Kadar oksigen terlarut juga berfluktuasi secara harian (diurnal) dan musiman, tergantung pada percampuran (mixing) dan pergerakan (turbulence) massa air, aktivitas fotosintesis, respirasi, dan limbah (effluent) yang masuk ke badan air (Effendi, 2003).

BOD merupakan gambaran kadar bahan organik yaitu jumlah oksigen yang dibutuhkan oleh mikroba aerob untuk mengoksidasi bahan organik menjadi karbondioksida dan air. Dengan kata lain, BOD menunjukkan jumlah oksigen yang dikonsumsi oleh proses respirasi mikroba aerob yang terdapat dalam botol BOD yang diinkubasi pada suhu sekitar 20⁰ C selama lima hari, dalam keadaan tanpa cahaya. Parameter BOD₅ yang terdapat di perairan Pulau Semak Daun antara 0,37 – 1,35 menunjukkan kondisi perairan masih dalam batas normal untuk kelangsungan hidup suatu organisme perairan.

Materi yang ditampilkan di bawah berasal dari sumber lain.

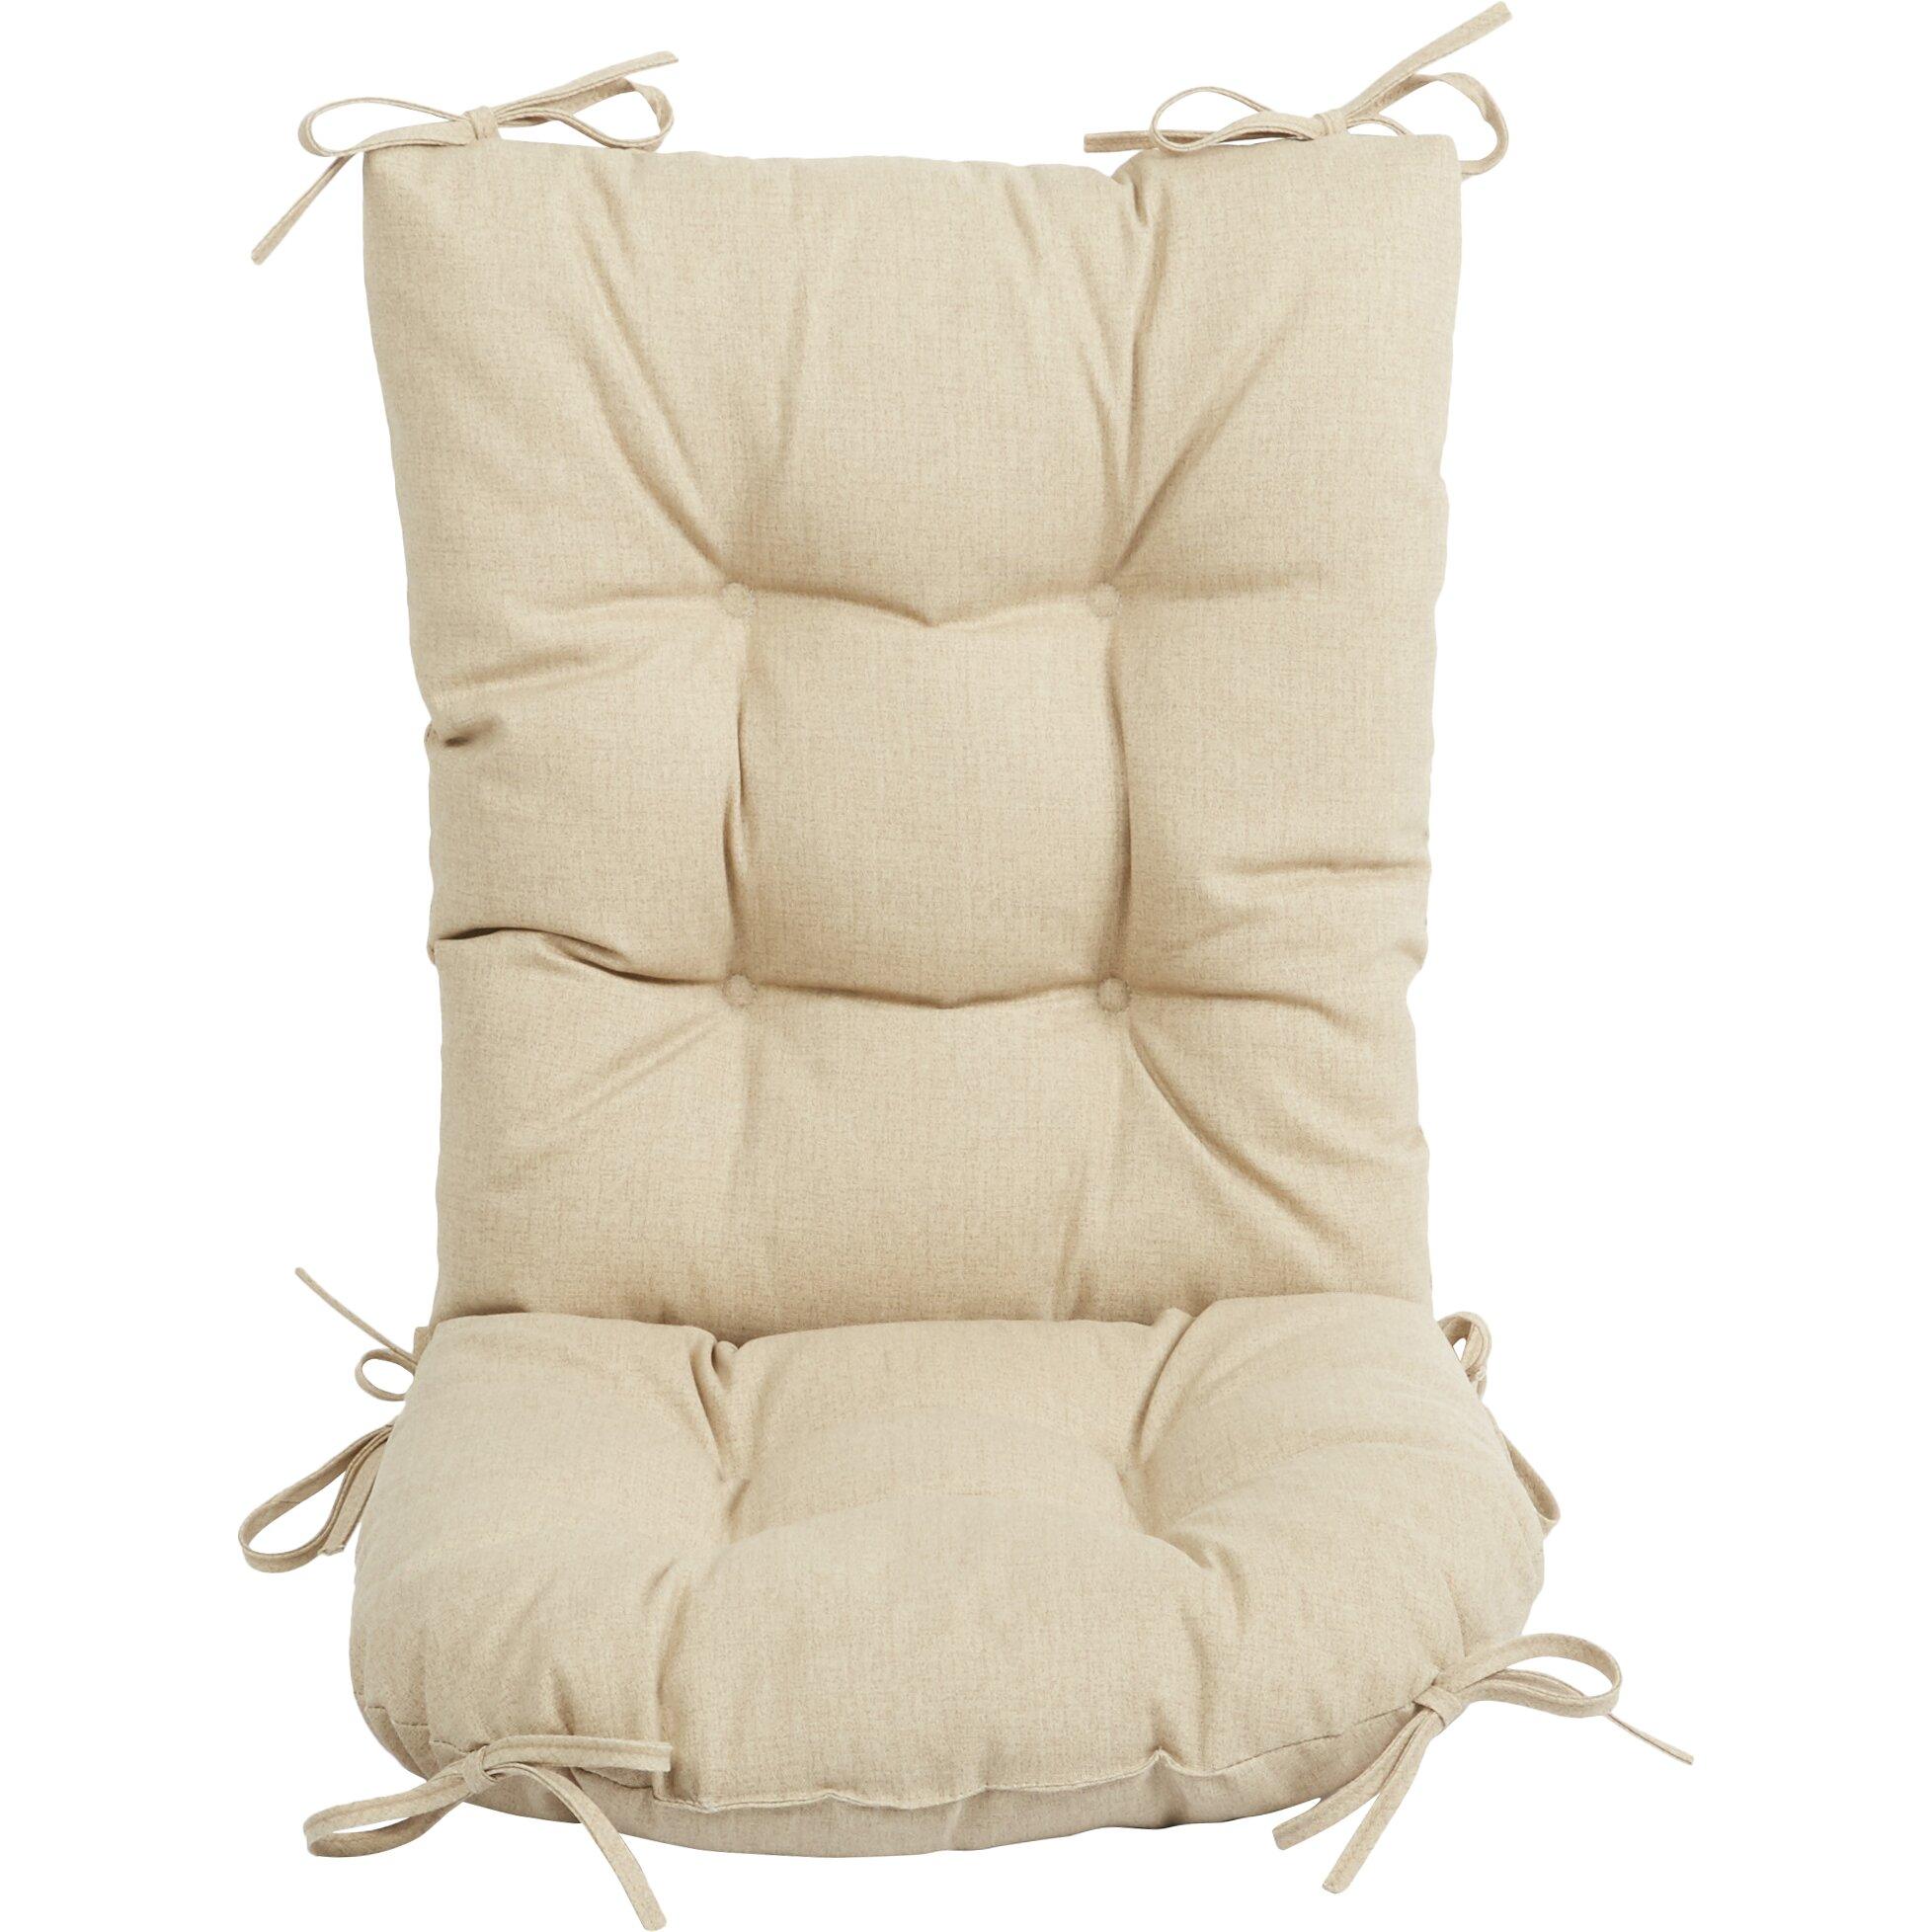 Wayfair Basics Wayfair Basics Outdoor 2 Piece Rocking Chair Cushion Set

3.2.2 Status Perairan Pulau Semak Daun

Identifikasi keterkaitan antara parameter kualitas perairan dan kondisi tutupan terumbu karang di lokasi wisata perairan Pulau Semak Daun berdasarkan hasil analisis PCA (Principal Component Analysis)disajikan pada Tabel 3.2.

Tabel 3.2. Nilai Indeks Pencemaran setiap Stasiun pengamatan

Lokasi Nilai IP (indeks pencemaran) Status Perairan

Stasiun 1 1,094 Kondisi Baik

Stasuin 2 0,873 Kondisi Baik

Stasiun 3 1,021 Kondisi Baik

Stasiun 4 1,044 Kondidi Baik

Stasiun 5 1,115 Cemar Ringan

Rata-rata 1,03 Kondisi Baik

Tabel 3.2 menunjukkan bahwa perairan di kawasan Pulau Semak Daun dalam kondisi baik dengan nilai indeks pencemaran rata-rata adalah 1,03 sehingga dalam kondisi ini perairan di kawasan tersebut dapat dikembangkan kegiatan perikanan budidaya dan wisata bahari terutama snorkeling dan diving. Parameter indikator pencemaran (suhu, salinitas, kekeruhan, pH, DO dan BOD5).

Kecepatan dan arah arus juga memiliki pengaruh positif terhadap tutupan terumbu karang. Pada bulan Mei dan Juni Kepulauan Seribu mengalami angin musim timur dimana arah angin dari Timur menuju Barat sehingga Peningkatan parameter pencemaran air selama musim timur dapat diimbangi dengan proses pencucian (flushing time) dan pengenceran air laut (seawater dilution) melalui parameter kecepatan arus (Hii et al., 2006).